Information provided:
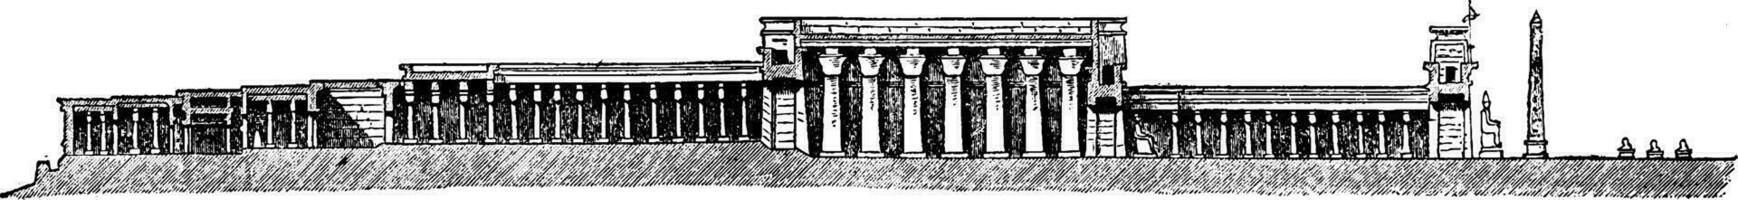 louxor temple, Amon, ancien gravure. vecteur
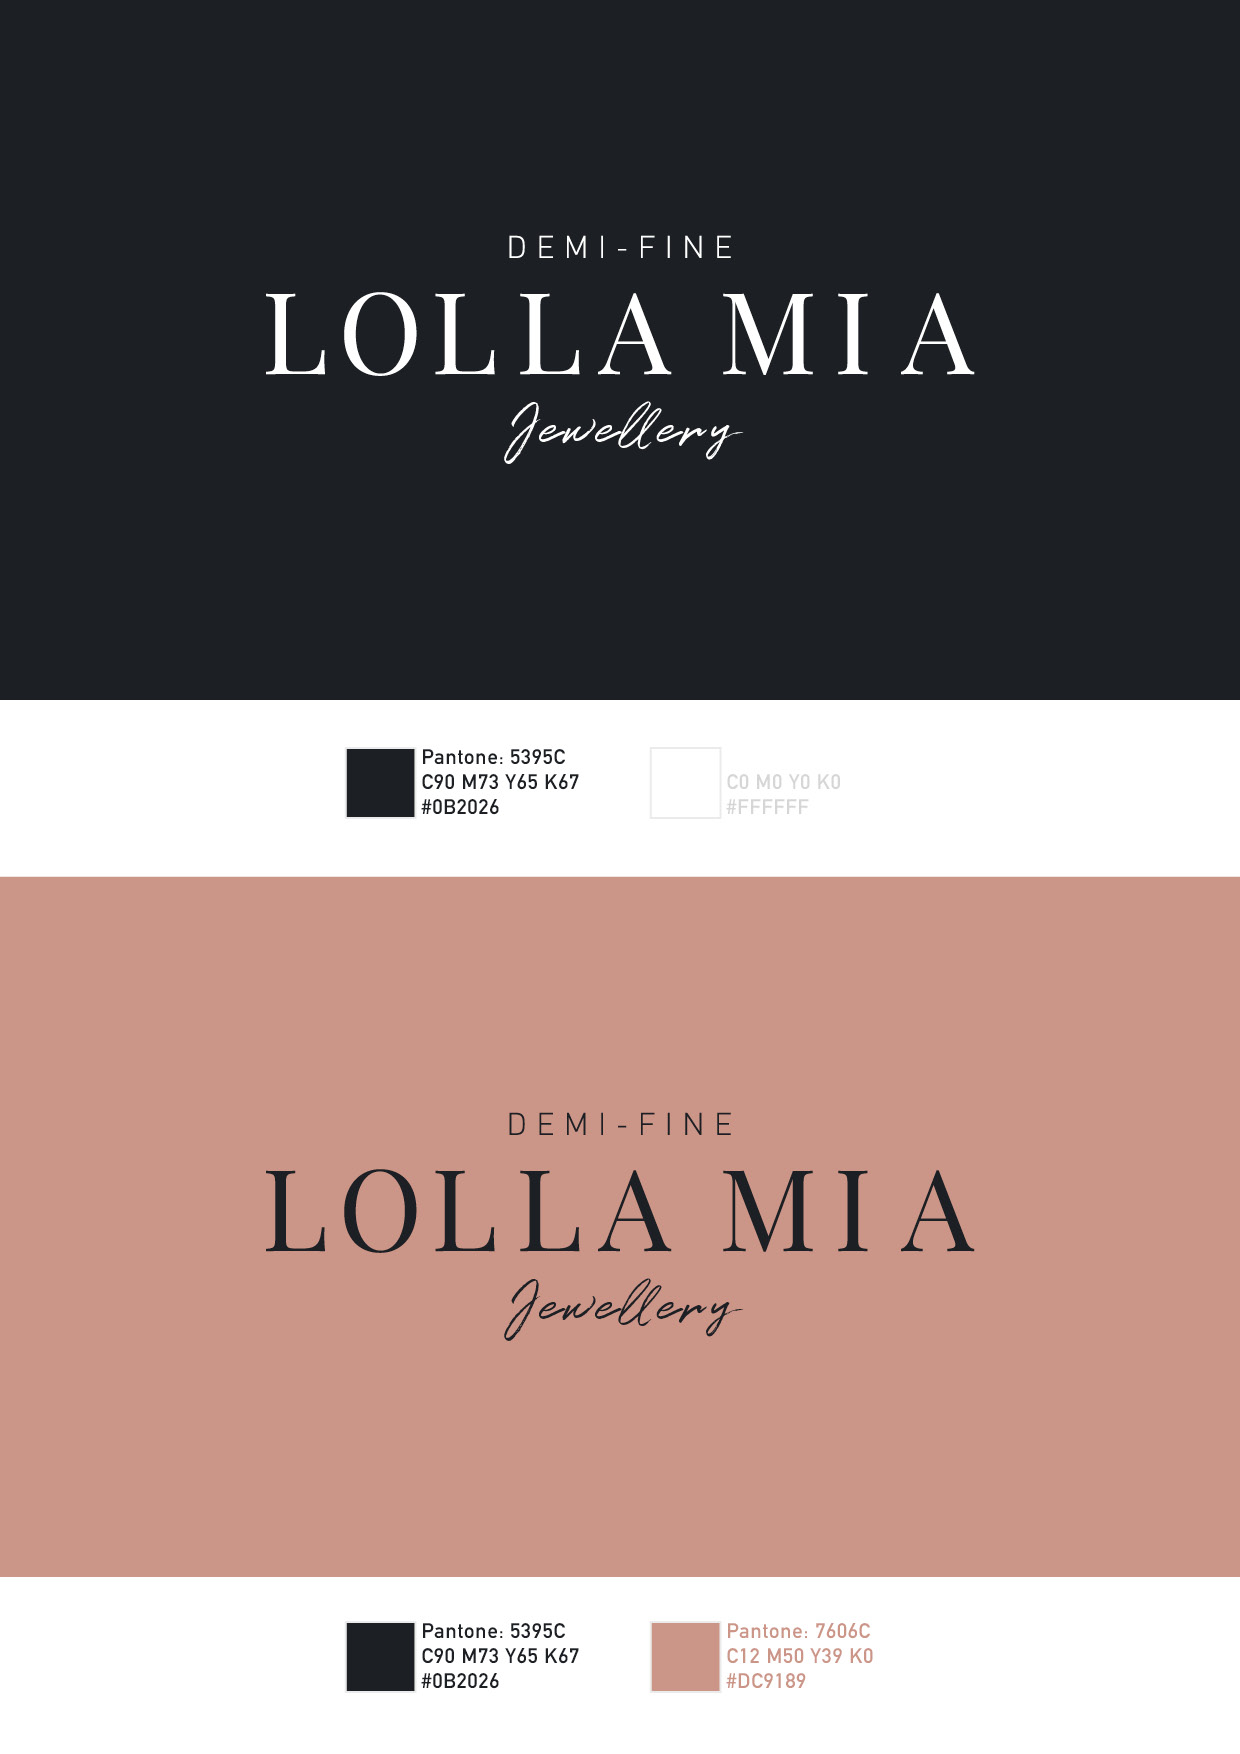 Lolla Mia Logo/Brand Creation | Final Logos
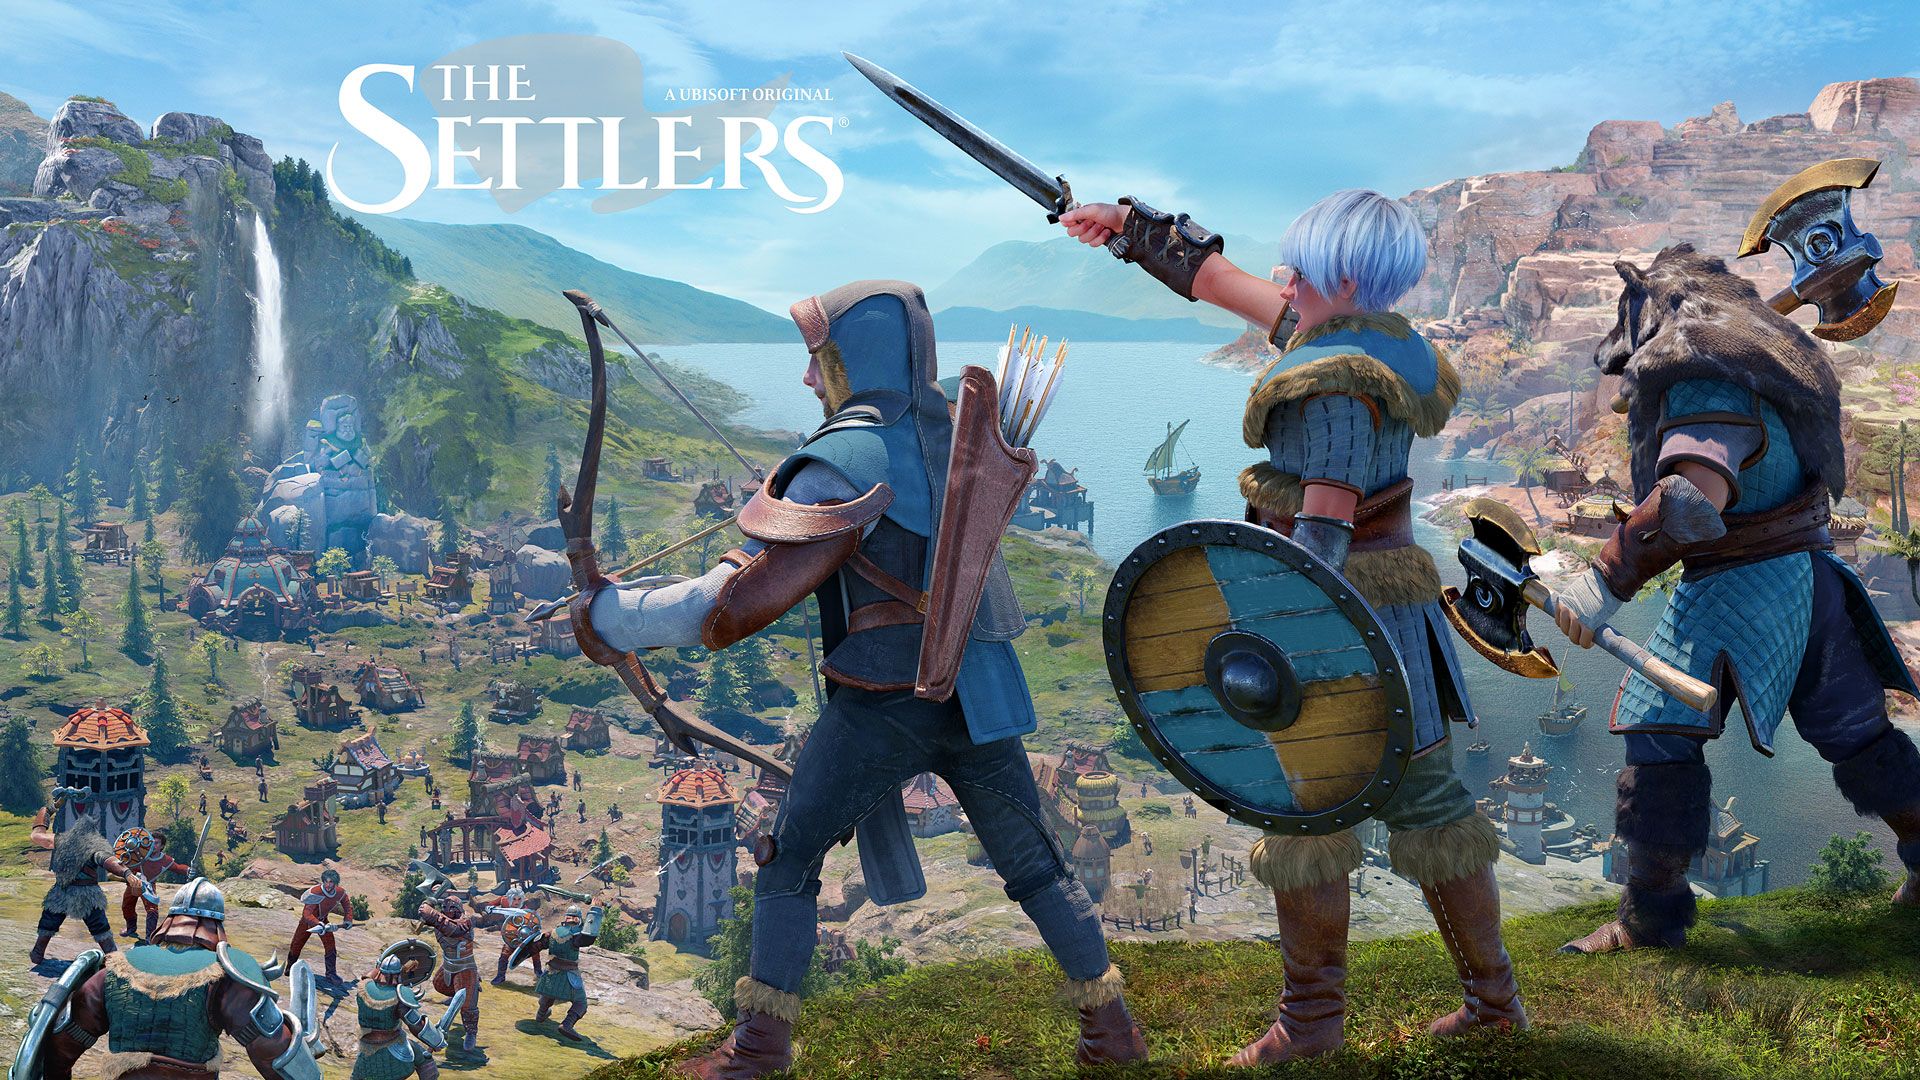 تریلر جدید بازی The Settlers یوبیسافت با محوریت زمان عرضه

Work required: Now write out the data word for word, skipping every picture in it.

Answer to this exercise:
 louxor temple, Amon, ancien gravure. vecteur
 Lolla Mia Logo/Brand Creation | Final Logos
 تریلر جدید بازی The Settlers یوبیسافت با محوریت زمان عرضه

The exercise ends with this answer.